LeetCode--Array--Container With Most Water (Medium)

11. Container With Most Water (Medium)#

Given n non-negative integers a1, a2, ..., an , where each represents a point at coordinate (i, ai). n vertical lines are drawn such that the two endpoints of line i is at (i, ai) and (i, 0). Find two lines, which together with x-axis forms a container, such that the container contains the most water.

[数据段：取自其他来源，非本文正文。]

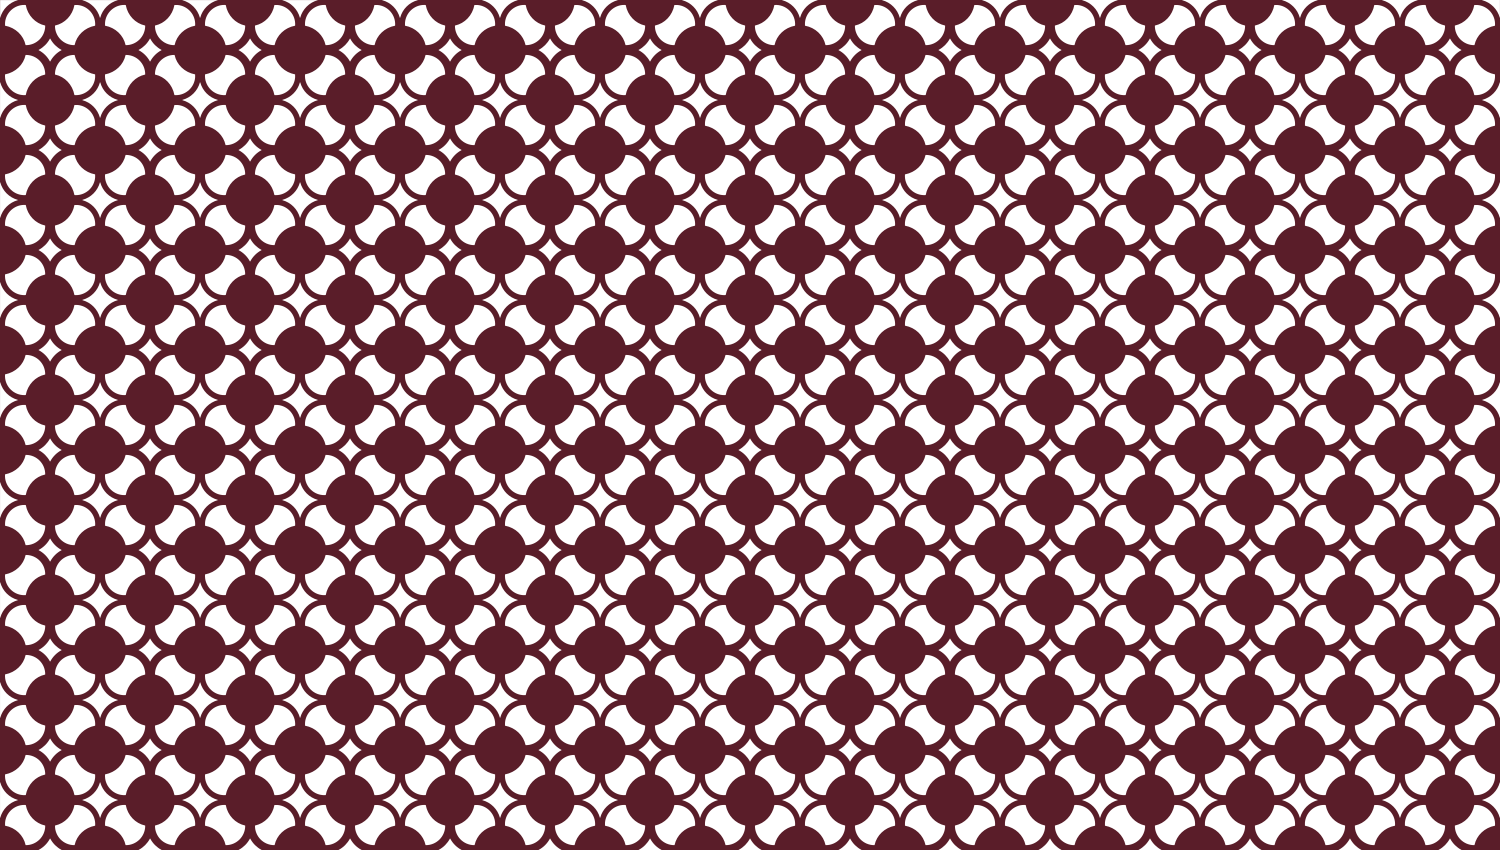 Parasoleil™ Geode© pattern displayed with a burgundy color overlay

Note: You may not slant the container and n is at least 2.

Example:

Input: [1,8,6,2,5,4,8,3,7]
Output: 49

    The above vertical lines are represented by array [1,8,6,2,5,4,8,3,7]. In this case, the max area of water (blue section) the container can contain is 49.

solution##

第一种解法：暴力解法，也是最容易想到的解法

class Solution {
    public int maxArea(int[] height) {
        int max = 0;
        for (int i = 0; i < height.length; i++)
        {
            for (int j = i + 1; j <height.length; j++)
            {
                int s = 0;
                if (height[i] > height[j])
                    s = height[j] * (j - i);
                else
                    s = height[i] * (j - i);    
                max = s > max ? s : max;   
            }
        }
        return max;
    }
}

第二种解法：贪心算法

public class Solution {
    public int maxArea(int[] height) {
        int maxarea = 0, l = 0, r = height.length - 1;
        while (l < r) 
        {
            maxarea = Math.max(maxarea, Math.min(height[l], height[r]) * (r - l));
            if (height[l] < height[r])
                l++;
            else
                r--;
        }
        return maxarea;
    }
}

reference
https://leetcode.com/articles/container-with-most-water/

总结##

第一种暴力算法很容易想到，但时间复杂度为O(n^2);第二种使用的是贪心算法，时间复杂度为O(n)。

Notes
1.可以在暴力算法的基础上得到贪心算法；